Although the Swiss pursue a policy of strict military neutrality, their fighting men were once among Europe most feared. Some of their victories continue to be celebrated even today.
On November 15, the people of Oberägeri and Sattel will feast the 685th anniversary of the Battle of Morgarten. With speeches, a parade and a traditional shooting contest, residents will commemorate what one organiser of the festivities calls "the first battle in Switzerland's fight for freedom".
Morgarten is a narrow pass between Zug and Schwyz which the Austrian army attempted to cross in 1315 on its way to attack Schwyz. The locals waited for the unsuspecting Austrians on the ridge above the defile, fell upon them as they marched through, and crushed and hacked them to death.
Today Switzerland is known for avoiding war. So it is hard to imagine the ferocity of the medieval Swiss who fought against the Austrians, Burgundians, Milanese and Germans - terrifyingly efficient foot soldiers armed with pikes and axes who defeated whole armies of mounted knights.

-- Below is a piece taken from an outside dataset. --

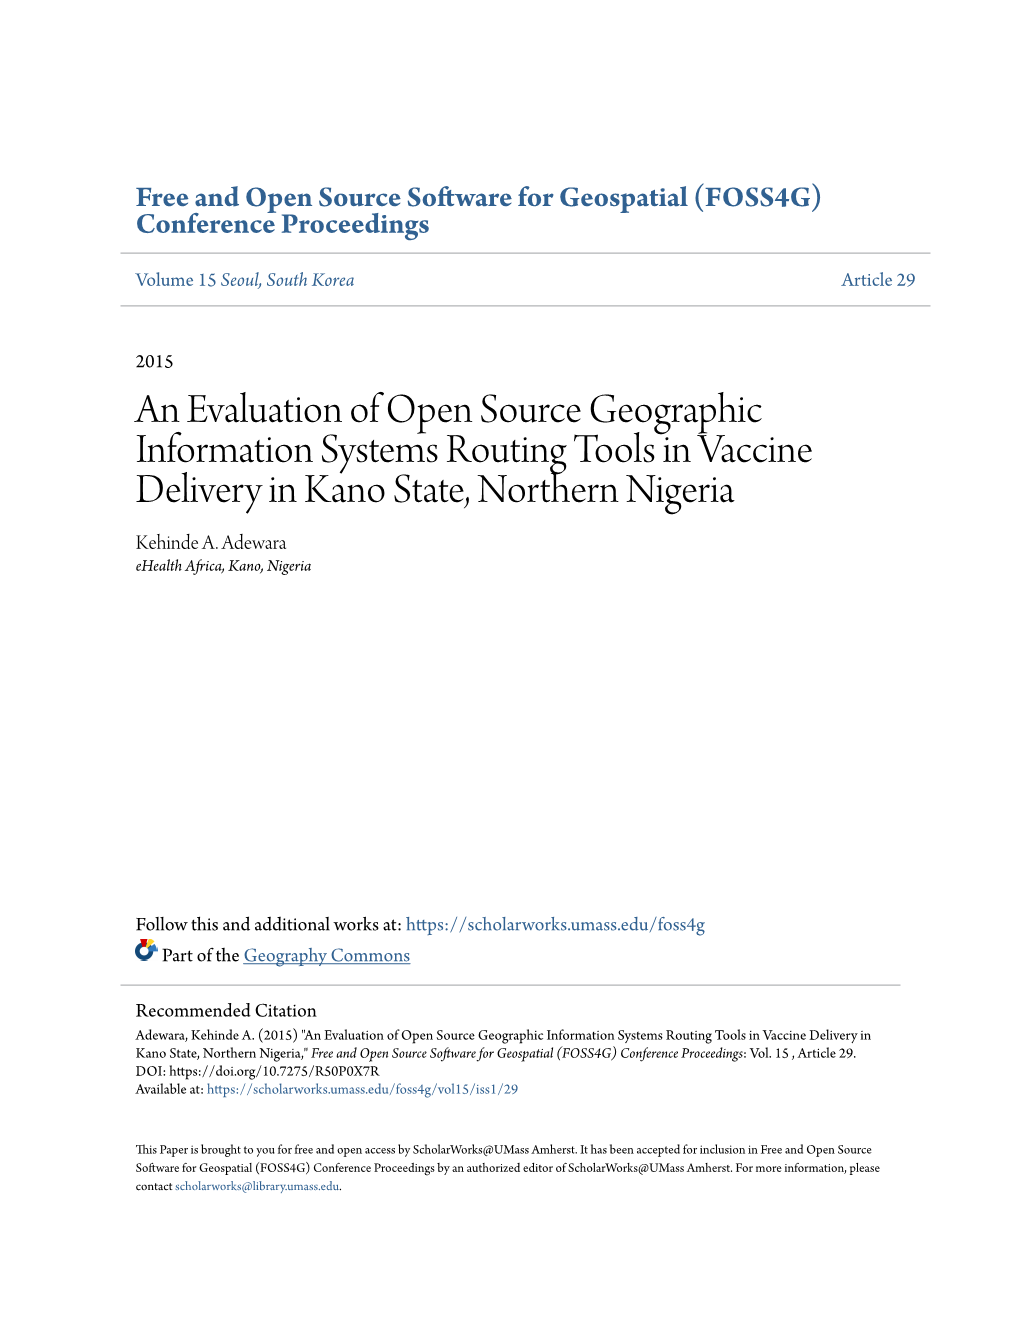 An Evaluation of Open Source Geographic Information Systems Routing Tools in Vaccine Delivery in Kano State, Northern Nigeria Kehinde A
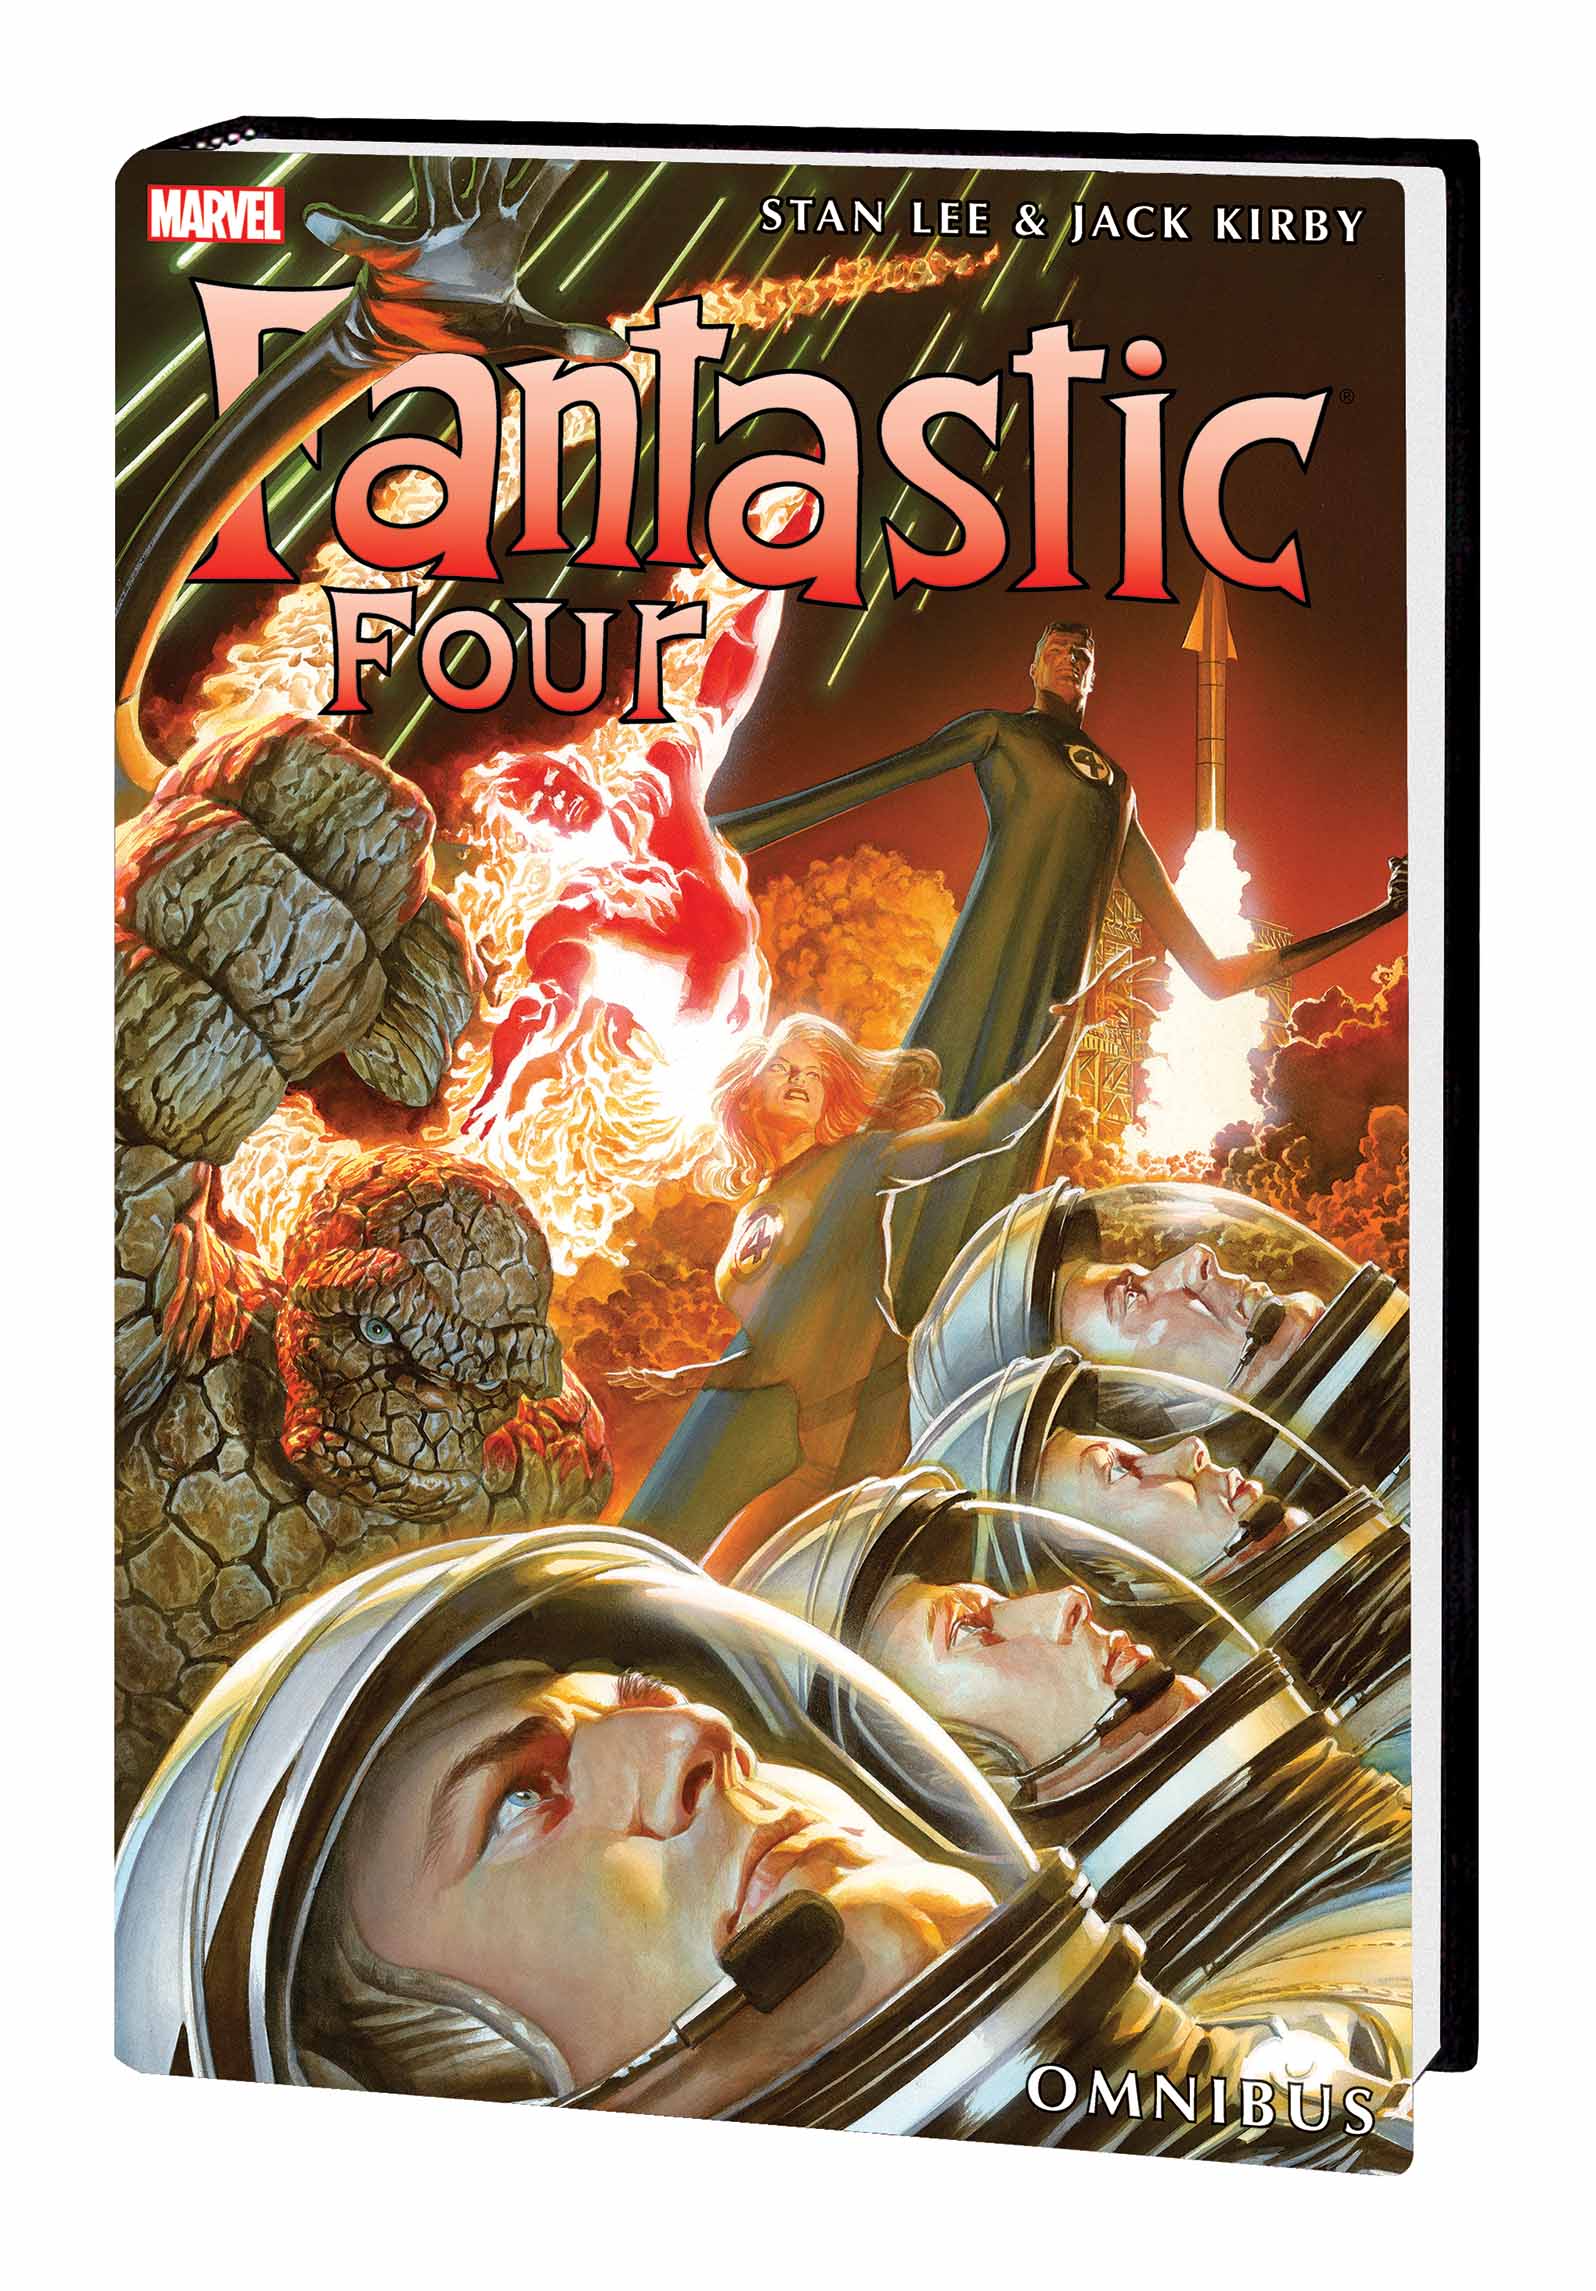 The Fantastic Four (Hardcover)

Morgarten marked the beginning of an extraordinary series of Swiss victories over much larger and stronger armies which ended 200 years later with Switzerland's defeat by Francois I in Marignano.
Sempach, on July 9, 1386, was the battle that really put the fear of God - or, rather, of the common soldier - into Europe's feudal nobility. On that battleground, the men of Lucerne, Uri, Schwyz and Unterwalden faced Leopold III of Austria and not only defeated his army completely but also killed the 35-year-old duke. It was the beginning of the end of Austrian rule in Switzerland.
In one skirmish after another, cantons won their independence; Näfels, the battle that freed Glarus in 1388, was perhaps the most significant victory to follow Sempach.
Today a chapel stands next to the Sempach battlefield. Nearby is a memorial to Arnold Winkelried, the battle's legendary hero, who lunged at a formation of Austrian soldiers and deliberately impaled himself upon their pikes to open up a path of attack for the Swiss fighters.
The next major enemy the Swiss had to worry about was Charles the Bold of Burgundy, whom they managed to get rid of in a series of battles, two of which took place in Grandson and Murten in 1476.
Grandson doesn't celebrate its role in the "Burgunderkriege". Murten, however, holds its annual "Solennität" or "Solifest" on the battle's anniversary day.
Giornico also ignores its victory there in 1478, when a rearguard of only 700 men protected the retreat of the Swiss army and put the 10,000-man Milanese army to flight. Dornach, on the other hand, proudly commemorates its victory 21 years later against the Germans.
"It was the last important battle to free Switzerland from Habsburg control," explains Dornach's Peter Jäggi, a retired teacher. Here, on July 22, 1499, men from Zurich, Bern, Solothurn, Zug, and Lucerne defeated Emperor Maximilian I and his army of German and Dutch mercenaries, ending both the "Schwabenkriege" and Maximilian's dreams of reclaiming his ancestral seat in Graubünden.
Sixteen years later came defeat at Marignano, and with it the end of Switzerland's role as a military power, although by no means the end of its men's martial reputation since the Swiss continued to be the most sought-after mercenaries in Europe.
Three hundred years after Dornach, on March 5, 1798, the Swiss were to prove their military skill again, when Bern's Sternenberg regiment defeated a Napoleonic brigade in Neuenegg. Napoleon still conquered Switzerland, but that hasn't prevented the Neueneggers from celebrating their victory each year.
Although Swiss military triumphs are very much a thing of the past, there is still one concrete reminder of the extraordinary fighting talents of the medieval Swiss: the Pope's Swiss Guard, founded in 1506 and still in service today.